[Dataset excerpt]
Start of Block

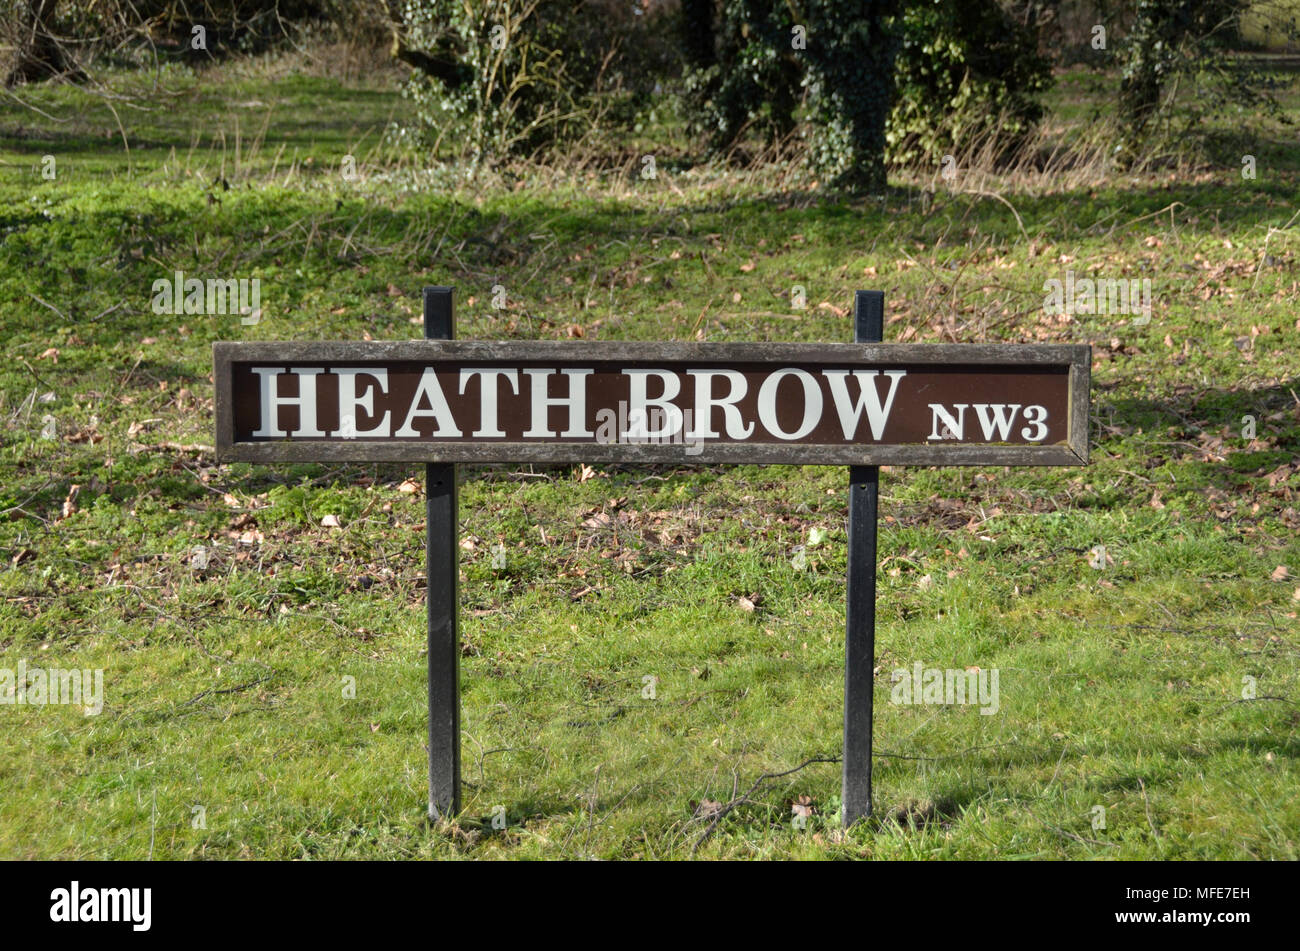 Heath Brow NW3 strada segno, Hampstead, Londra, Regno Unito. Foto Stock
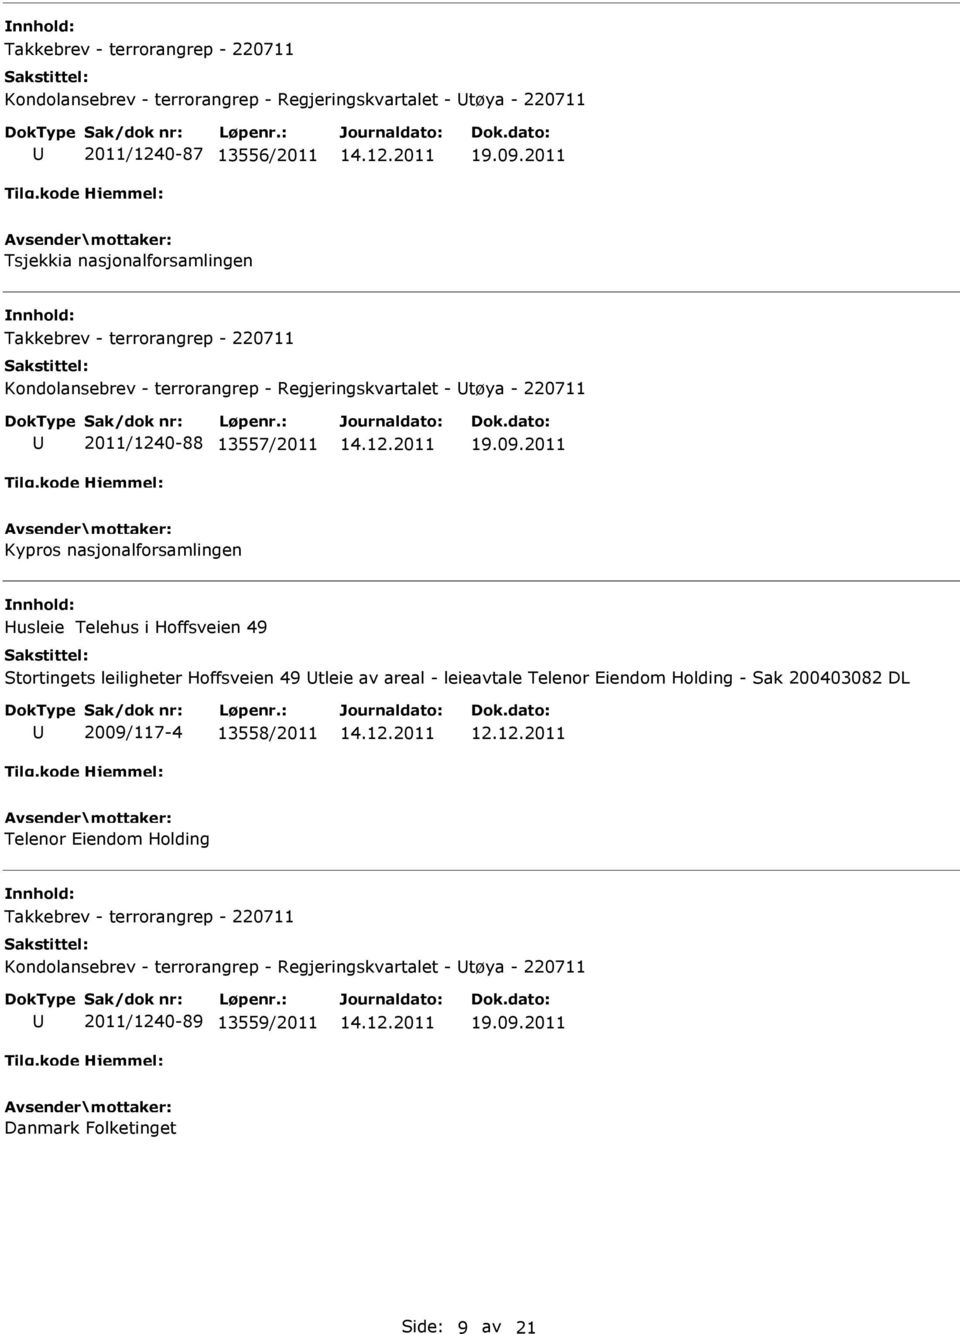 Stortingets leiligheter Hoffsveien 49 tleie av areal - leieavtale Telenor Eiendom Holding - Sak 200403082 DL 2009/117-4 13558/2011
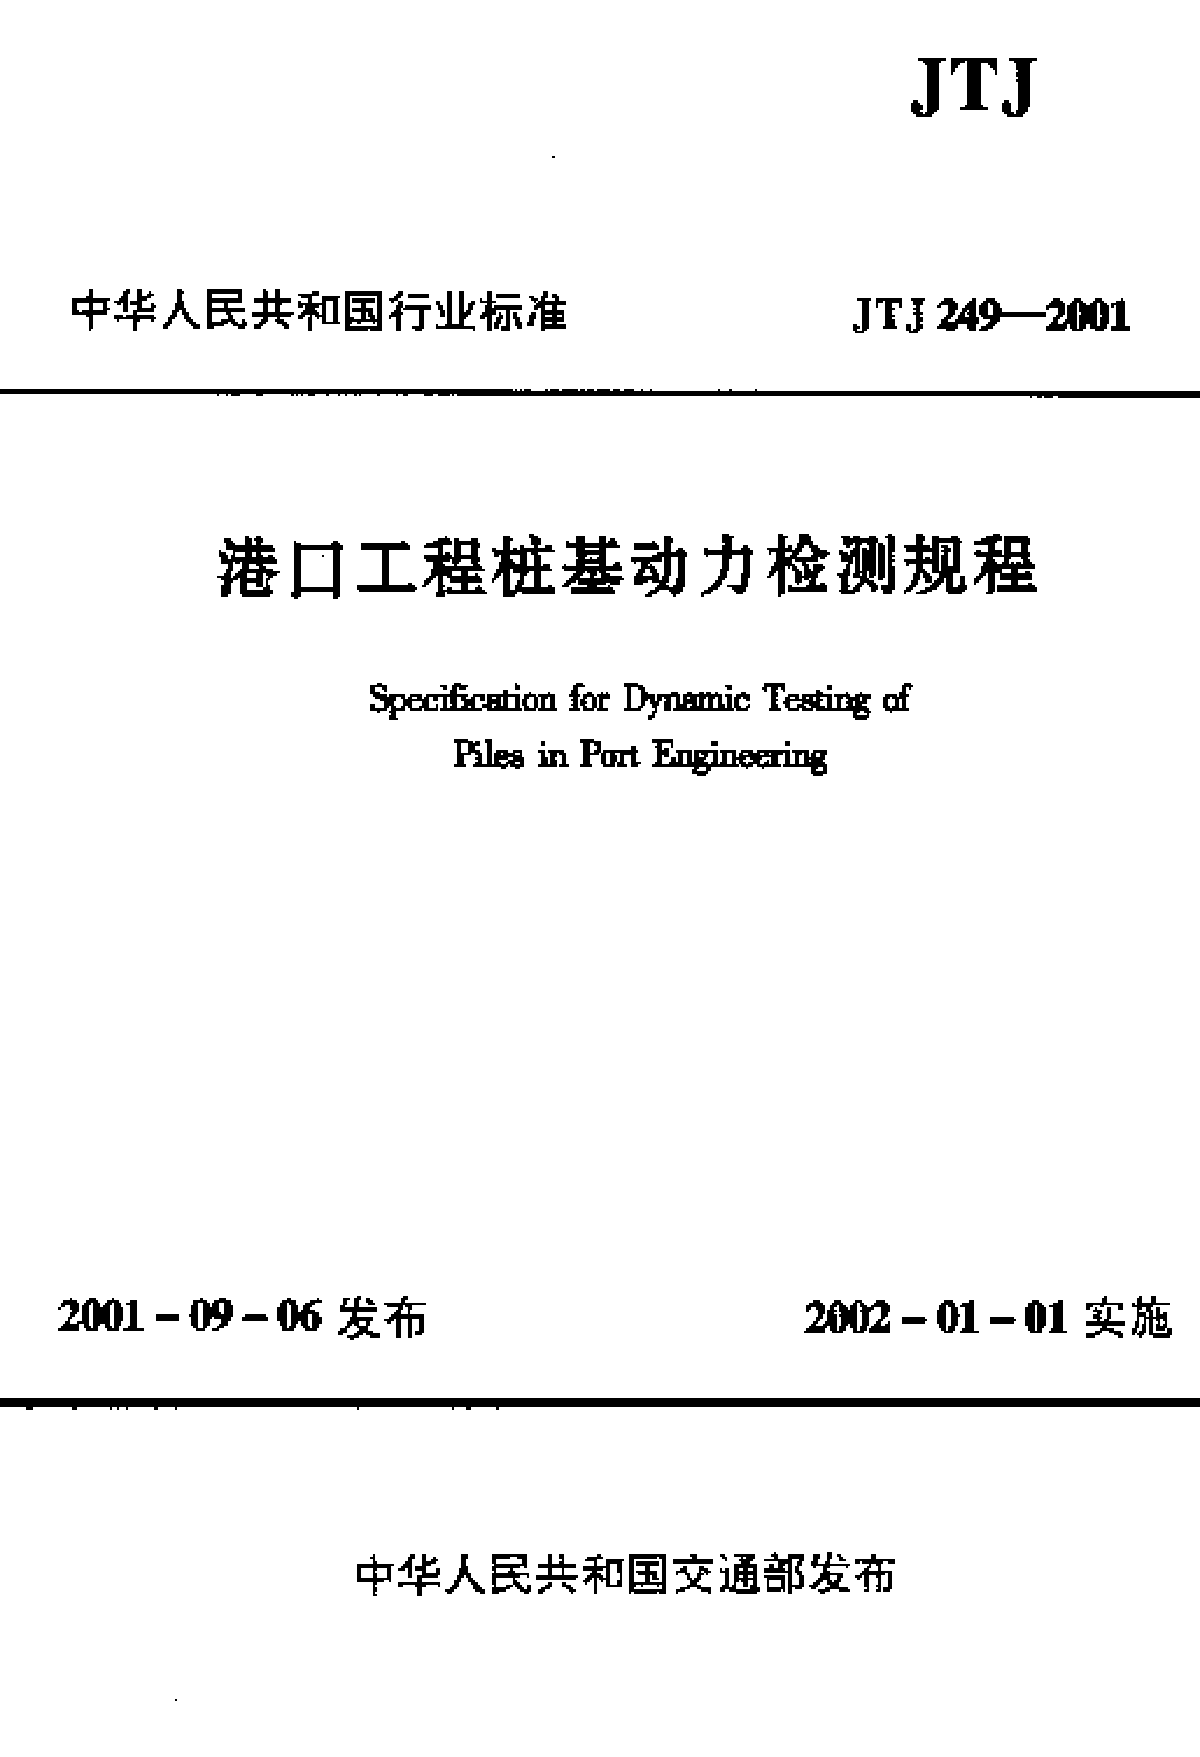 《港口工程桩基动力检测规程》(JTJ 249-2001)

End of Block

[Your assignment] In the reply, each line of the data must appear exactly as written, and no picture may appear.

[Final answer]
 Heath Brow NW3 strada segno, Hampstead, Londra, Regno Unito. Foto Stock
 Stortingets leiligheter Hoffsveien 49 tleie av areal - leieavtale Telenor Eiendom Holding - Sak 200403082 DL 2009/117-4 13558/2011
 《港口工程桩基动力检测规程》(JTJ 249-2001)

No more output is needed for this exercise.